## EXERCISE DATA
Start of Block

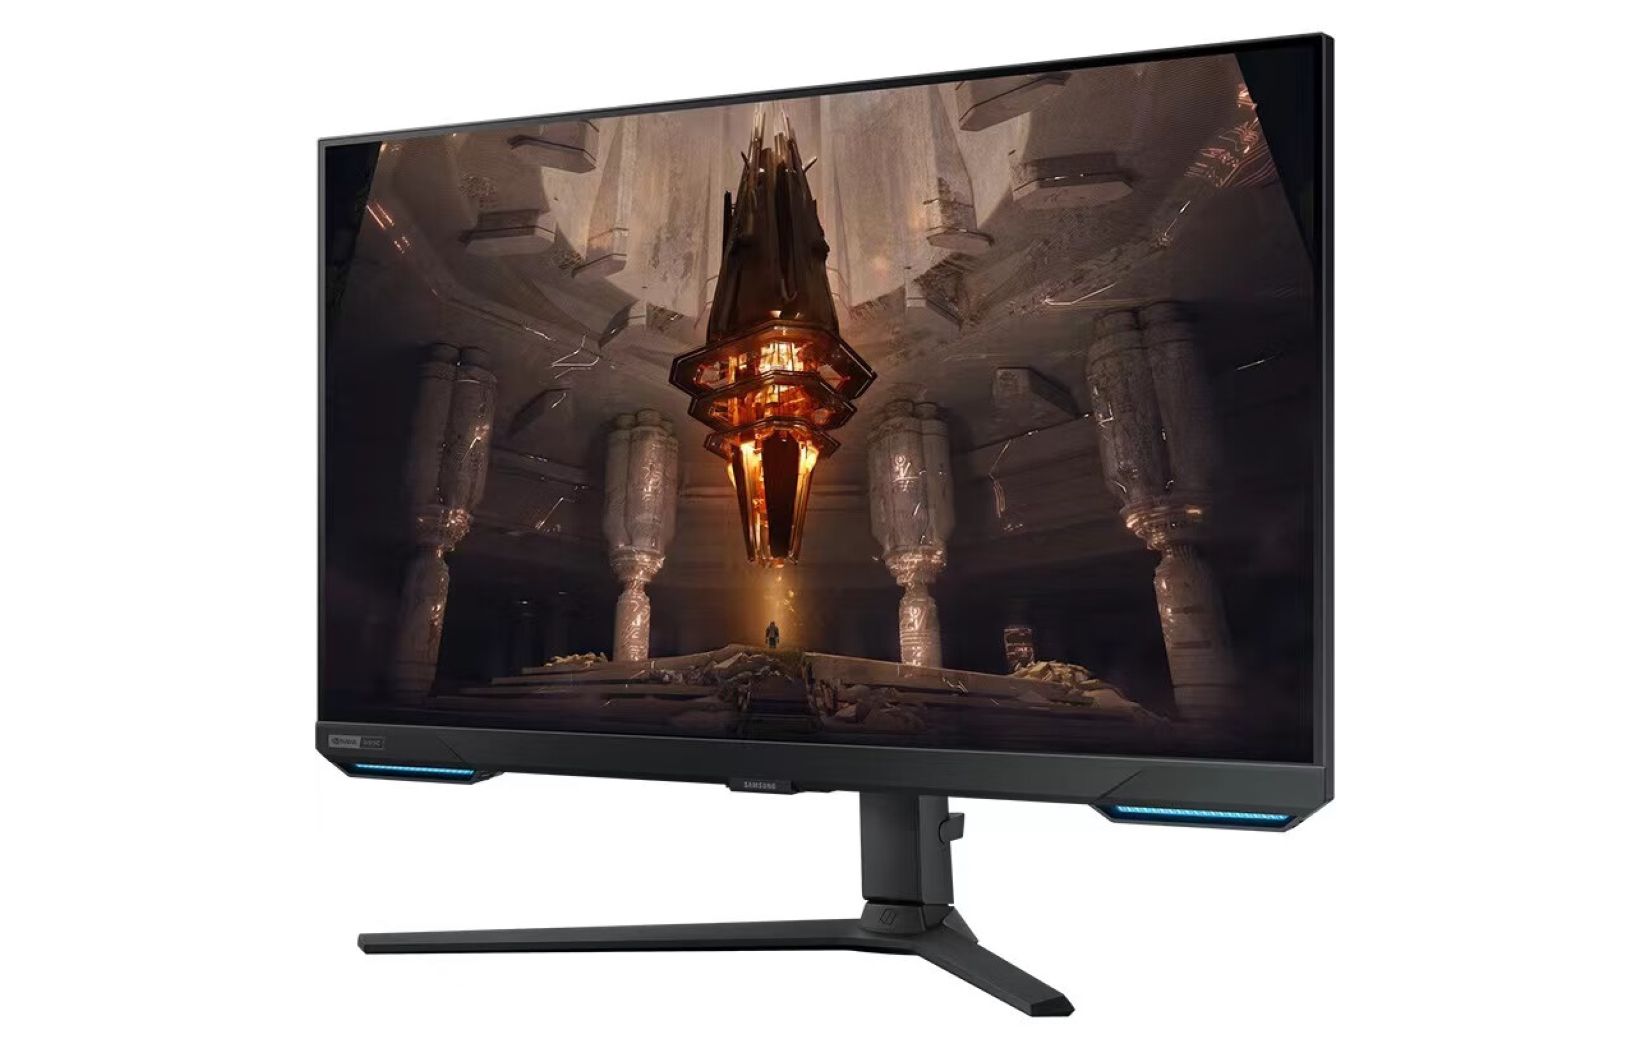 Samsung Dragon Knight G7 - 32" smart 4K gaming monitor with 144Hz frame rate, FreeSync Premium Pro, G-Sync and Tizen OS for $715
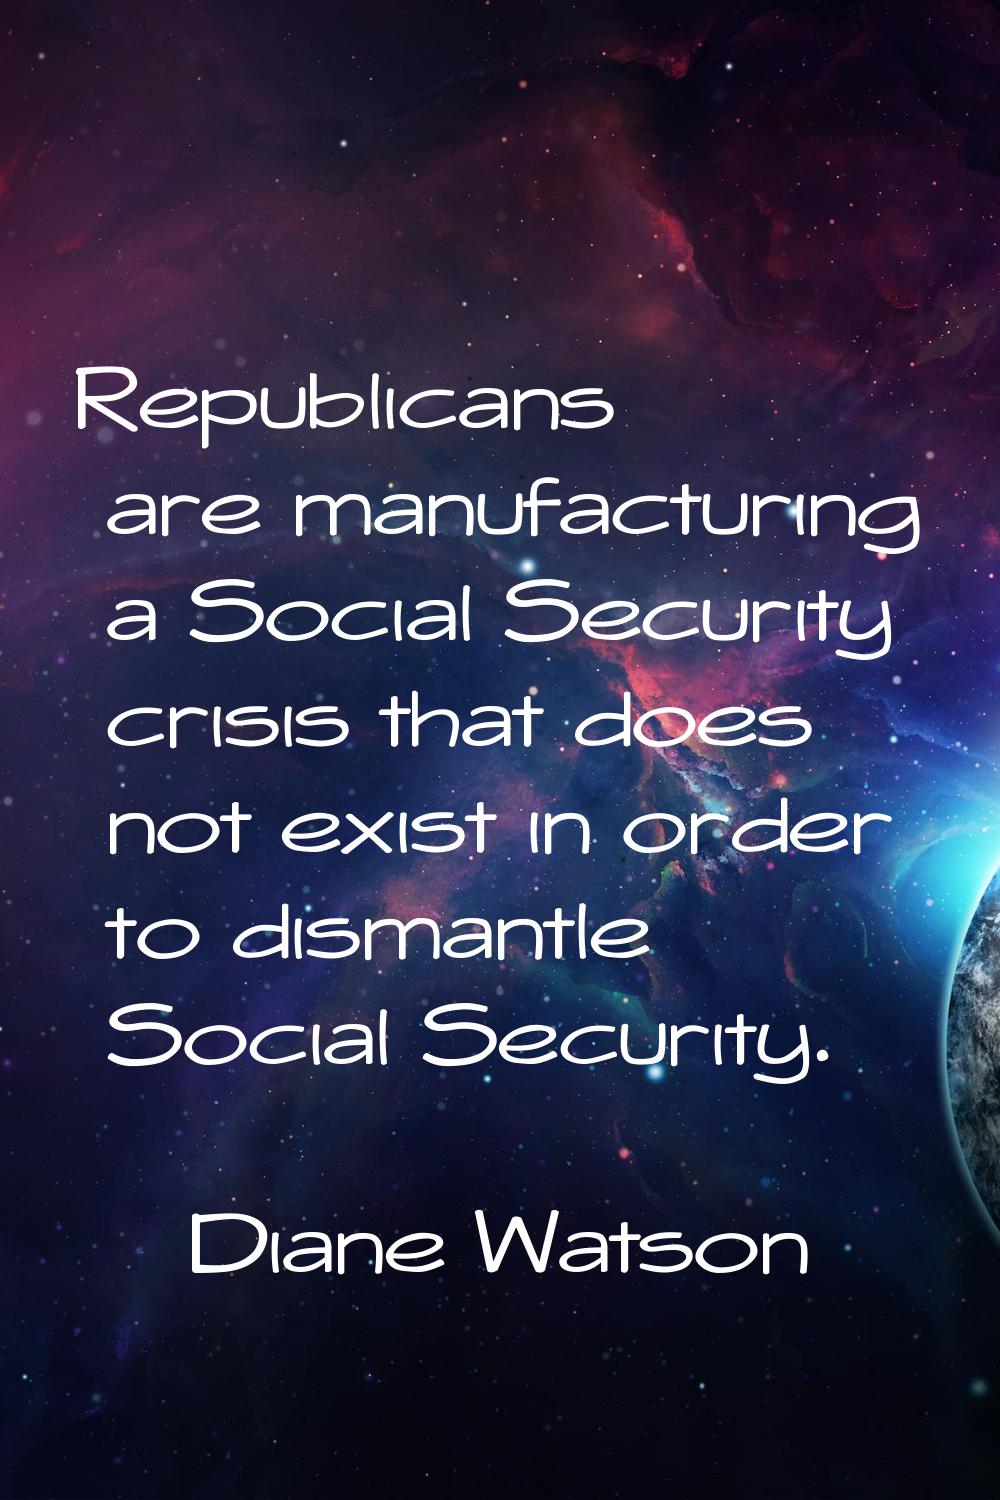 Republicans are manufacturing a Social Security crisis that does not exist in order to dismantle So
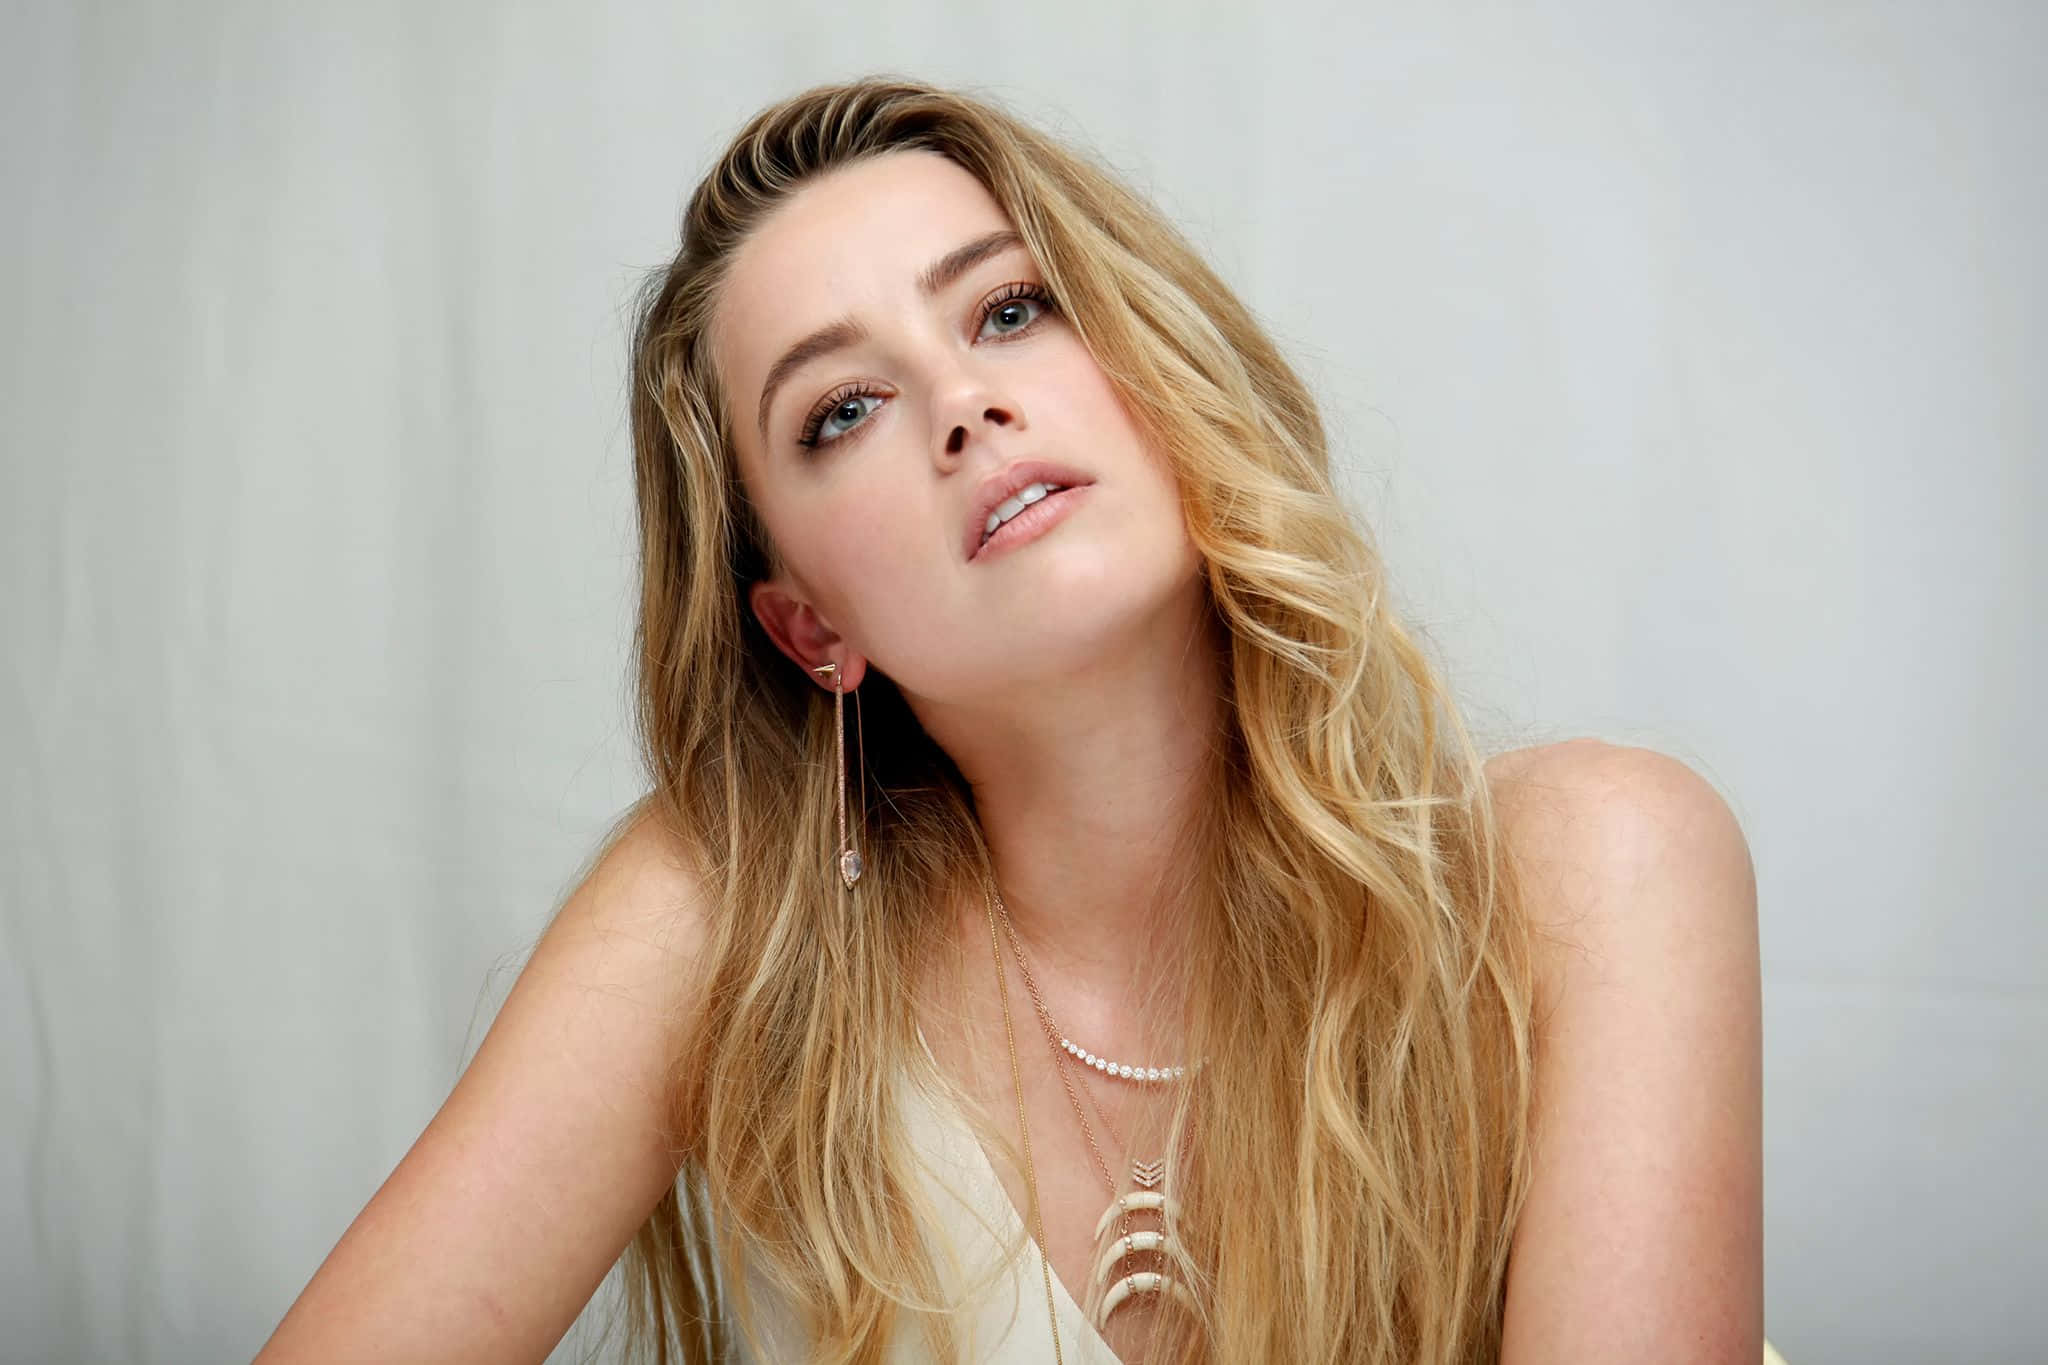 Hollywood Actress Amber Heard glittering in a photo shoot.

End of Block

## WHAT NEEDS TO BE DONE
The whole listing should be reproduced exactly. Images don't go in.

## RESULT OF THIS TASK
 Samsung Dragon Knight G7 - 32" smart 4K gaming monitor with 144Hz frame rate, FreeSync Premium Pro, G-Sync and Tizen OS for $715
 Republicans are manufacturing a Social Security crisis that does not exist in order to dismantle So
 Hollywood Actress Amber Heard glittering in a photo shoot.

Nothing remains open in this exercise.